文武には心当たりがありました。その手口を得意とし、かつて自分が払ったはずの怨霊がいたのです。

斎木梛屋敷の前で周と車を降りた文武は、

百舌もず!」

と大きな声で強く口寄せました。すると、苦しみ始めた周の口から黒煙のようなものが吐き出されて、それは次第に形を象ります。鼎の霊体が象られたときのようですが、現れたのは、打ち捨てられたまま腐り始めた巨大な鳥の死骸のような怨霊だったのです。多少とも霊感のある者がこの場にいれば、それから漏れ出ている凶々しい雰囲気に押されて、逃げようとするでしょう。
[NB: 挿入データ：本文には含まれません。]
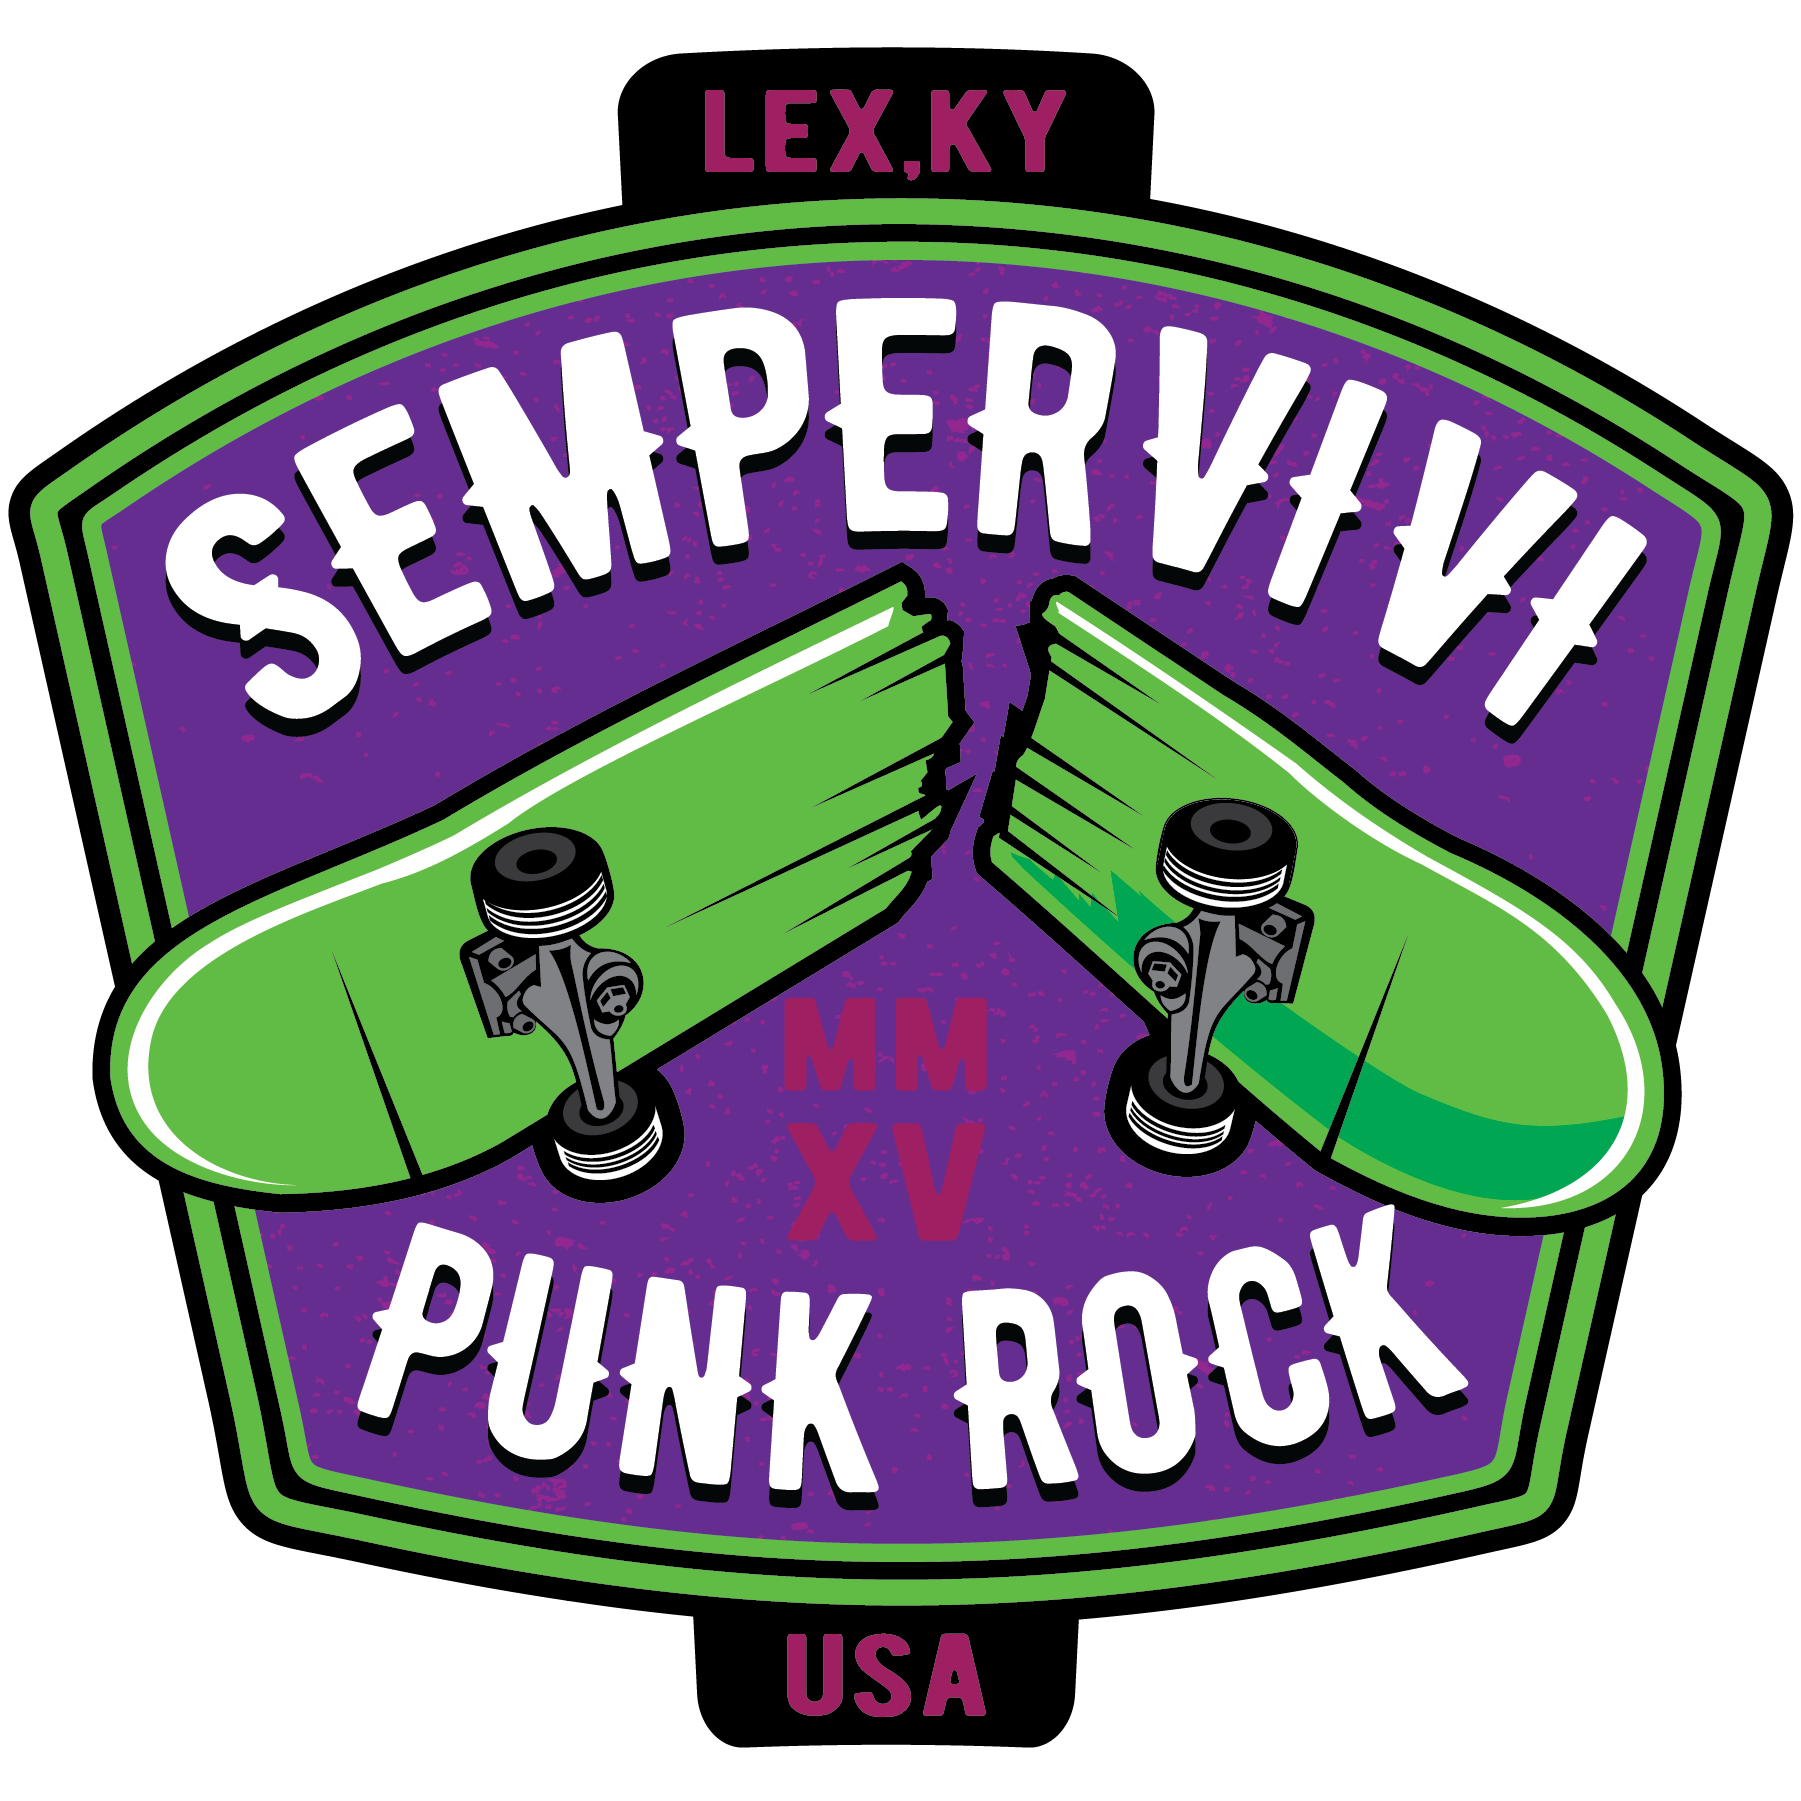 Sempervivi "Skateboard" Sticker (Purple)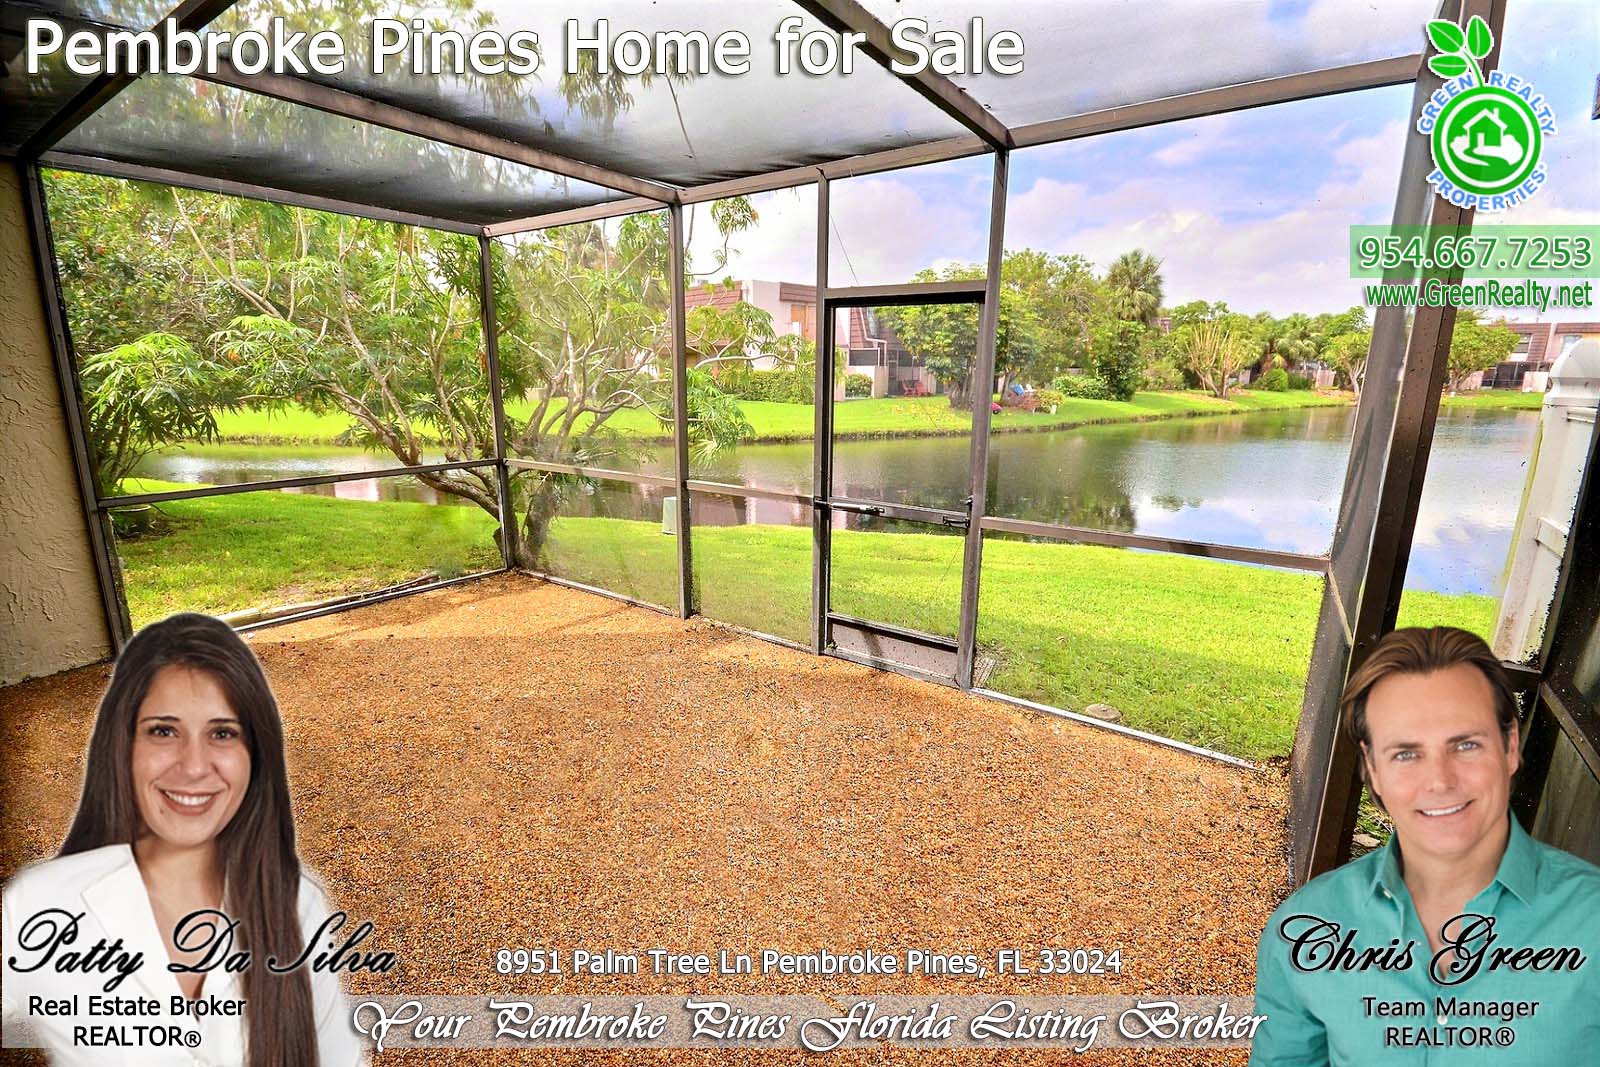 Pembroke Pines Homes For Sale - 8951 Palm Tree Lane (3)

「く。くくく、さすがは文武。ぬしのせがれに潜んで忍び込もうと画したが、こうも早くに気づかれるとは」深い恨みを抱く者が井戸の底から絞り出しているかのような声が風に乗り、辺りの木々をざざざ、と喚かせます。

「性懲りもなく蘇ったか、百舌!」

「蘇りもしようぞ、ぬしの仕打ちを思えばな」

「鼎を襲ったのもお前の仕業だな」

「いかにも」

「な、か、かなえを、お前が!?」

怨霊を吐き出してやっと正気づいた周にきっと睨み付けられた百舌は、ぐつぐつと笑っただけでした。

「あの娘だけでは済まさぬ。次はこの倅を襲ったが口惜しくも今回はしくじったわ」

「答えろ! お前がかなえを殺したのか!」

「周! 屋敷に入れ、今のお前には何もできん」

「でも、父さん」

「くく、くくく。儂も今宵は挨拶だけにしよう。霊脈の真上で斎木梛の者どもとやりあう気はないのでな」

こう言うと、百舌のからだは千々に裂けてひとつひとつが羽音を出し、蚊柱のようなそれが遙か彼方に飛び去ってゆきました。

「待てっ、かなえを返せ! かなえを、返せっ!」

周の叫びは無情にもその空に消え失せるだけだったのです。